## Task item
For this exercise, restate every line below word for word and drop the images.

## Data below
··········

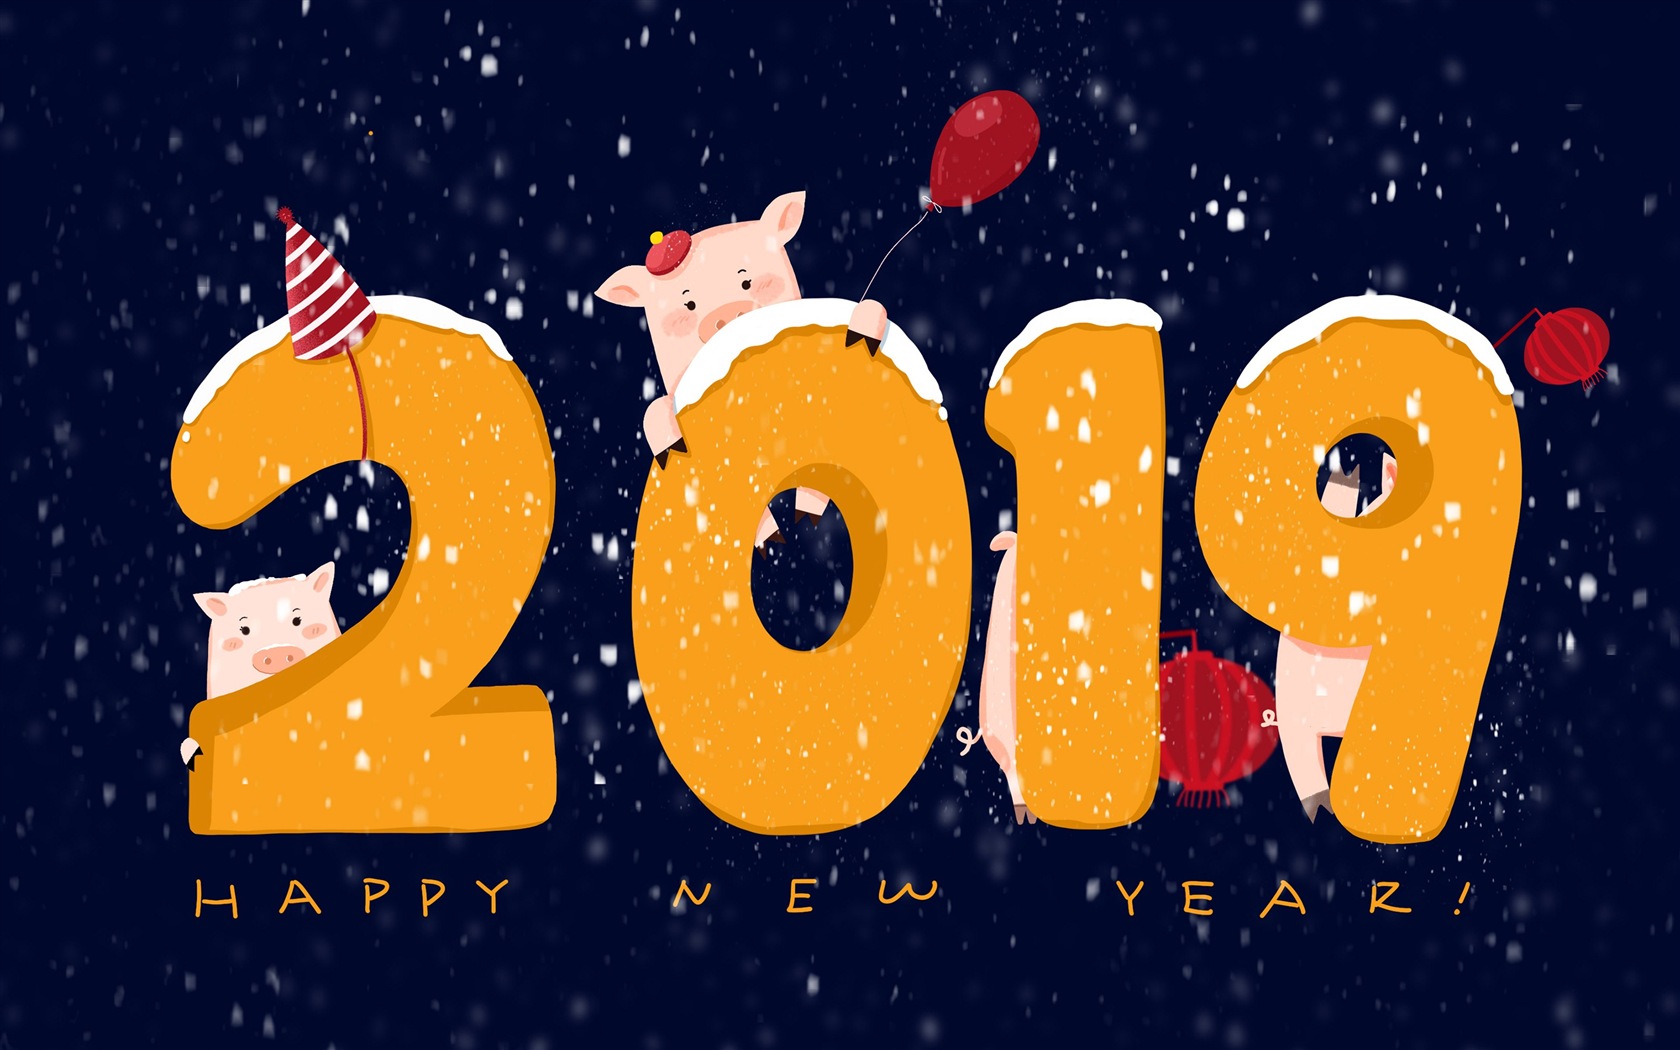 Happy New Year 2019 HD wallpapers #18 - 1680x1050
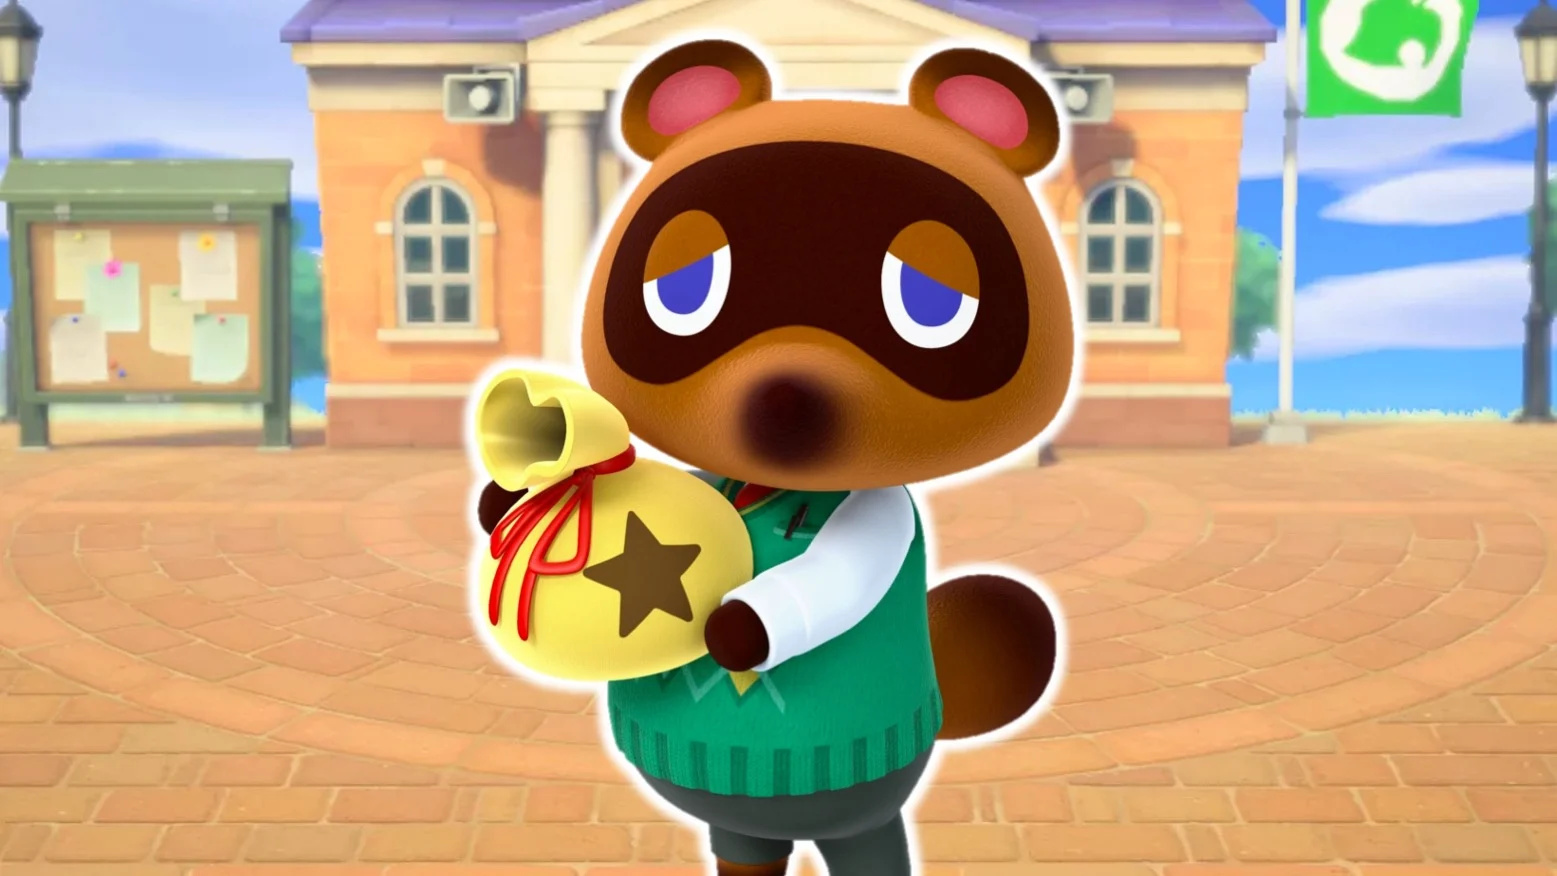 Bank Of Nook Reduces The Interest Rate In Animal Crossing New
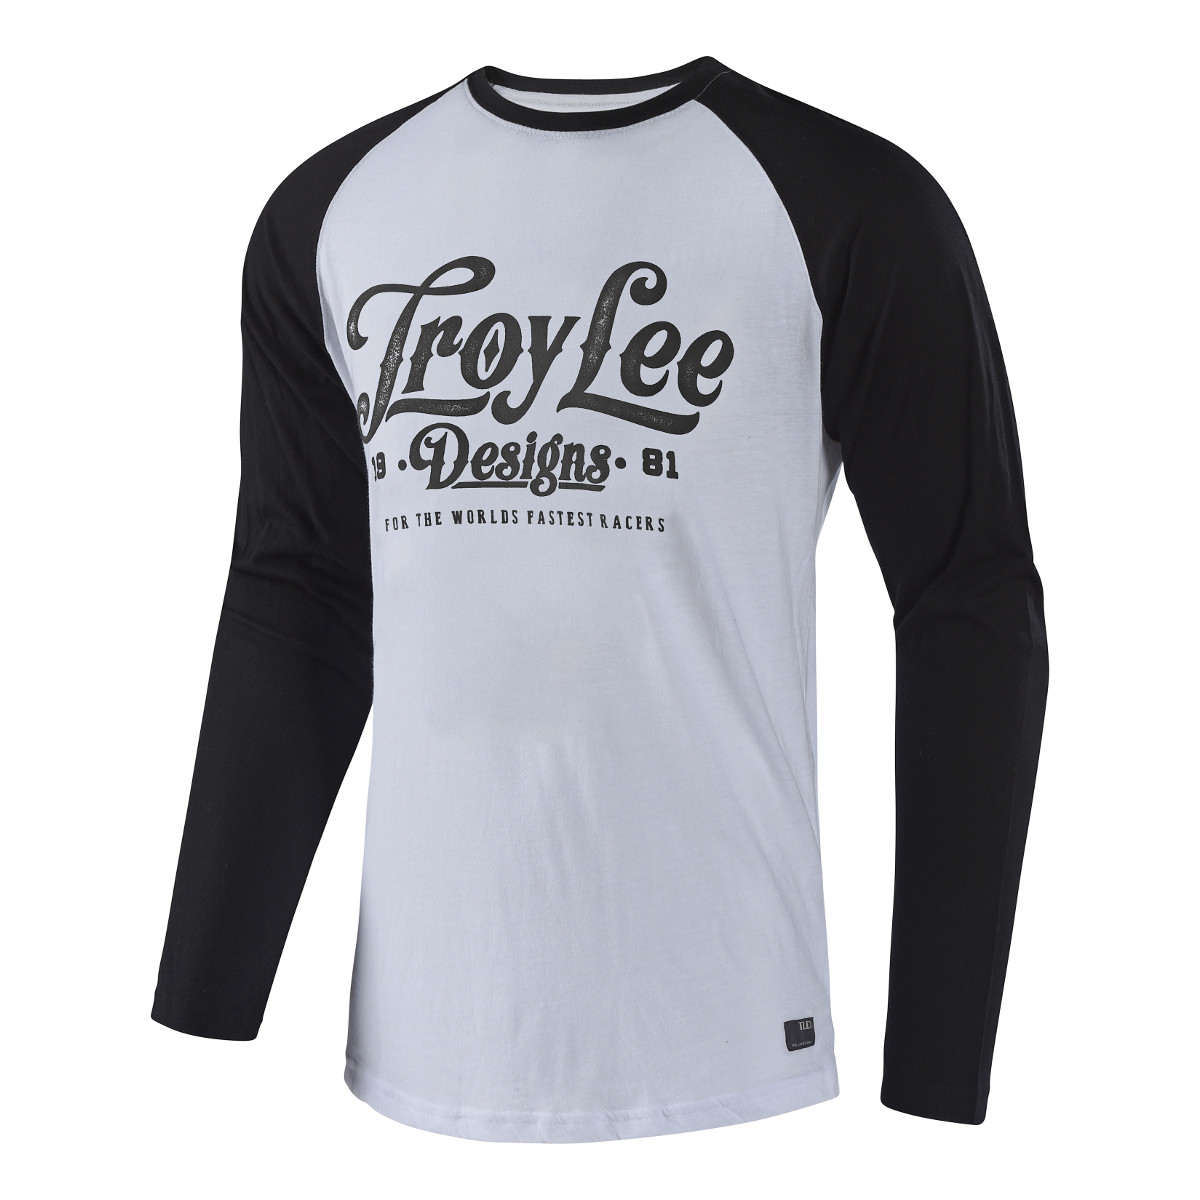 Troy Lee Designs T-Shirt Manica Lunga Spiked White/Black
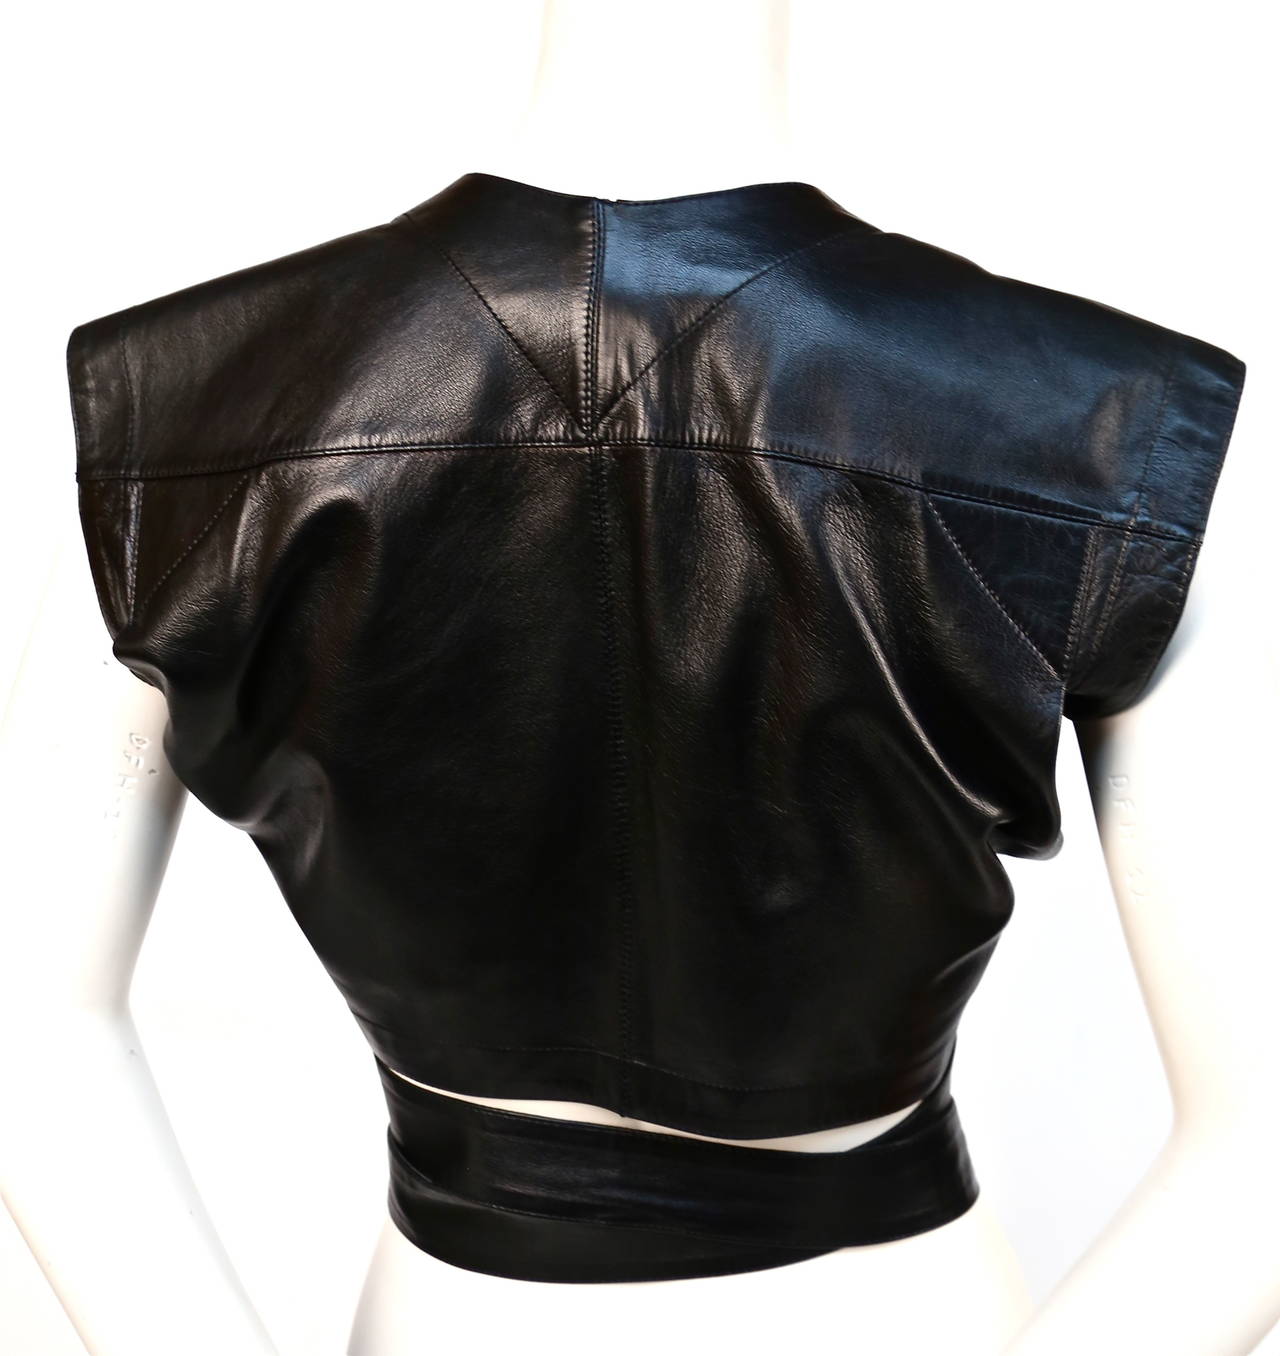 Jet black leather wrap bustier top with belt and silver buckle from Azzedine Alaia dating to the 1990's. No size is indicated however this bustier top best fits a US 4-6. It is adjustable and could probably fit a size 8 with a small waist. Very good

··········

## Solution below
 Happy New Year 2019 HD wallpapers #18 - 1680x1050
 Bank Of Nook Reduces The Interest Rate In Animal Crossing New
 Troy Lee Designs T-Shirt Manica Lunga Spiked White/Black
 Jet black leather wrap bustier top with belt and silver buckle from Azzedine Alaia dating to the 1990's. No size is indicated however this bustier top best fits a US 4-6. It is adjustable and could probably fit a size 8 with a small waist. Very good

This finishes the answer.